Put a data analysis step downstairs, if you don’t panic...some order may be adjusted.

### 1. Data collection

Data download address:
[kaggle](https://www.kaggle.com/c/bike-sharing-demand)


### 2. Project background
The shared bicycle system is a way of bicycle rental, which automatically obtains bicycle rental and return data through a network of self-service terminals throughout the city. Using this system, people can rent bicycles in one place and return them to different places as needed.
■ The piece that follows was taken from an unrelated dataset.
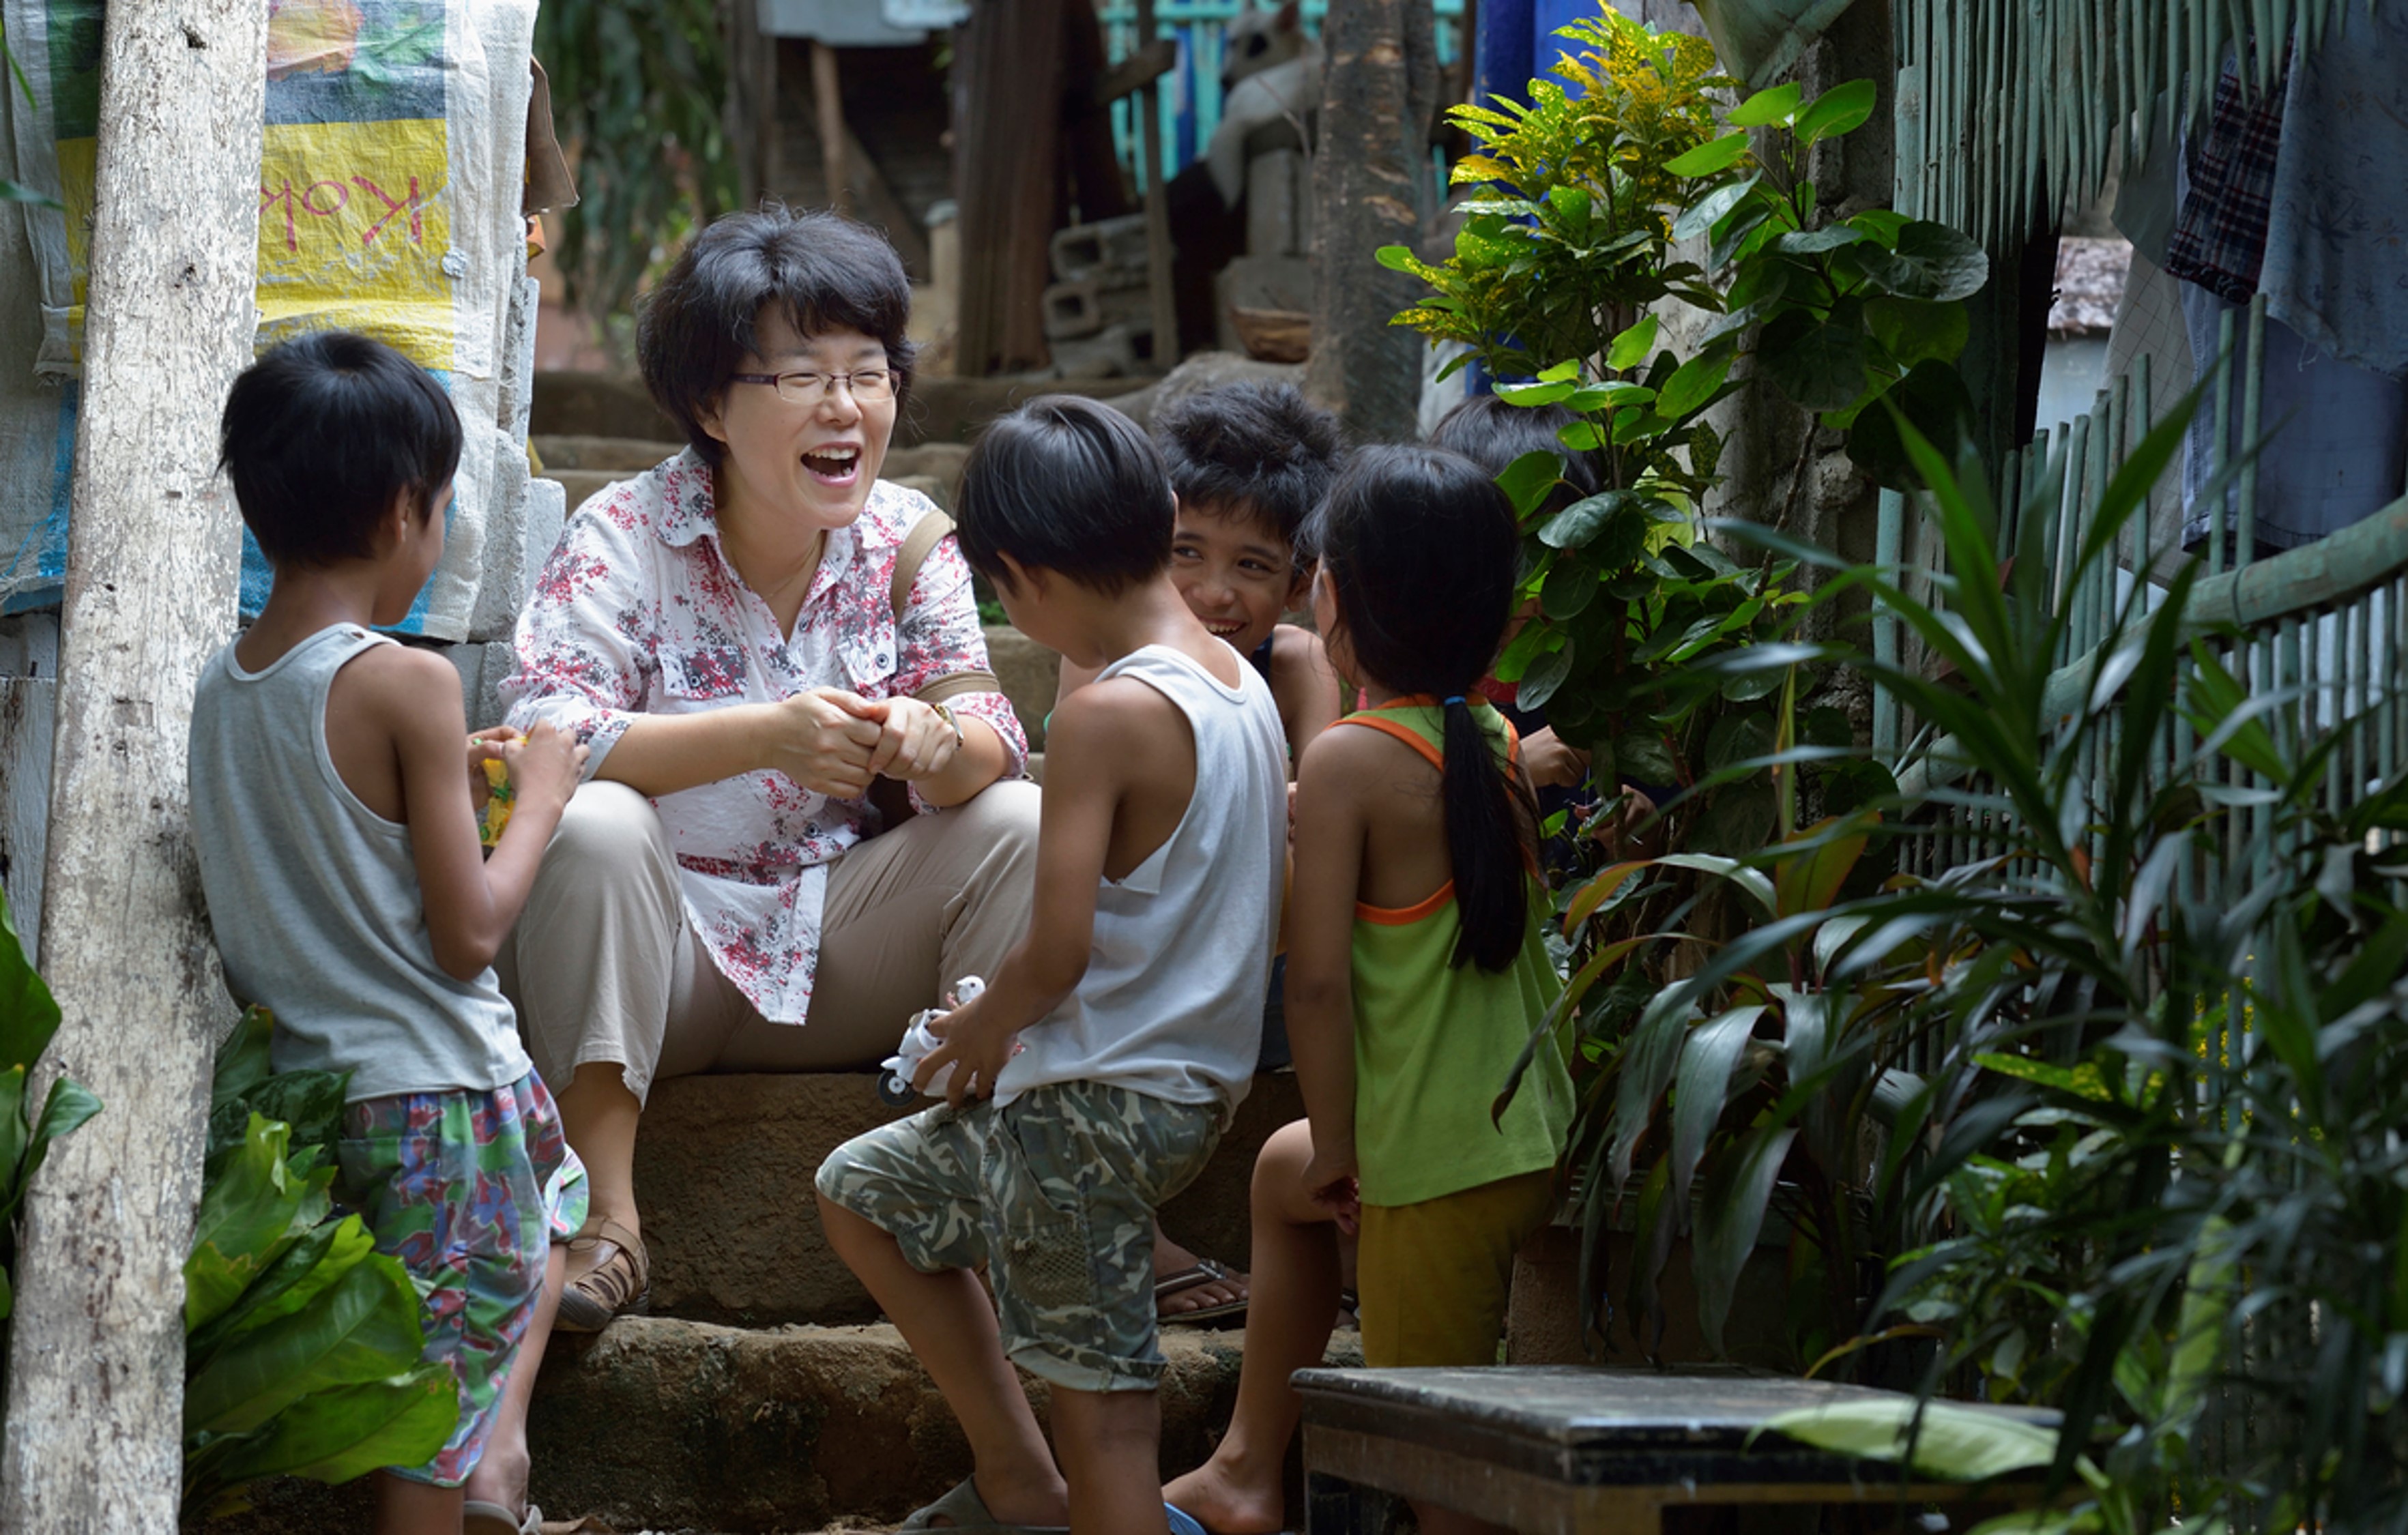 도시빈민 지역으로 보건사역을 나간 김은하 목사가 아이들과 이야기를 하고 있다. 사진 제공, 김은하 목사, 연합감리교회 세계선교부.

The data generated by the system clearly records the length of time the car is used, the place of departure, the place of arrival, and the elapsed time. Therefore, the bicycle sharing system is used as a sensor network, which can be used to study mobility in cities. In this project, it is required to analyze the influence of factors such as the number of shared bicycle rentals and weather and time based on historical usage data to predict the demand for shared bicycle rentals in the shared bicycle plan of the US capital, Washington, DC.

![The Bikeshare Planning](https://encrypted-tbn0.gstatic.com/images?q=tbn:ANd9GcQYqLSyhZlabEFkwzudA4Ncm9-Jz8vZ_5yVcA&usqp=CAU)

### 2.1 Asking questions

Q. What are the factors that affect the use of shared bicycles?

Ans : **The Factors Affecting Bike-Sharing Demand**

This aimed to address the need for a comprehensive review on the factors affecting bike-sharing demand to bridge the gaps by deepening the knowledge on weather, built environment and land use, public transportation, station level, socio-demographic effects, temporal factors, and safety. This article evaluates recent studies on station-based bike sharing in literature and seeks answers to two main research questions: 
First, how do the weather conditions, built environment and land use, public transportation, socio-demographic attributes, temporal factors, and safety affect the bike-sharing trip demand? 

Second, what are the most commonly used factors in literature affecting trip demand? 
For this purpose, an overview of the factors affecting trip demands has been established to evaluate the performance of Bike-Share Programs(BSPs) comprehensively. The results can provide reliable estimate for planners or decision-makers in understanding the key factors contributing to bike-sharing demand. The information obtained from this overview can also be a guideline for BSP planners, policymakers and researchers to improve the efficiency of BSPs.

### 3. Understand the data

In [None]:
# Import the data analysis package, polish the steel gun on the battlefield
import pandas as pd
import numpy as np
import matplotlib.pyplot as plt
from datetime import datetime
%matplotlib inline

# Ignore warning
import warnings
warnings.filterwarnings('ignore')

# Import training data set
train = pd.read_csv('../input/bike-sharing-demand/train.csv')
# Import test data set
test = pd.read_csv('../input/bike-sharing-demand/test.csv')
print('Training data set:',train.shape,'Test data set:',test.shape)

In [None]:
# Merging data sets
full = train.append( test , ignore_index = True )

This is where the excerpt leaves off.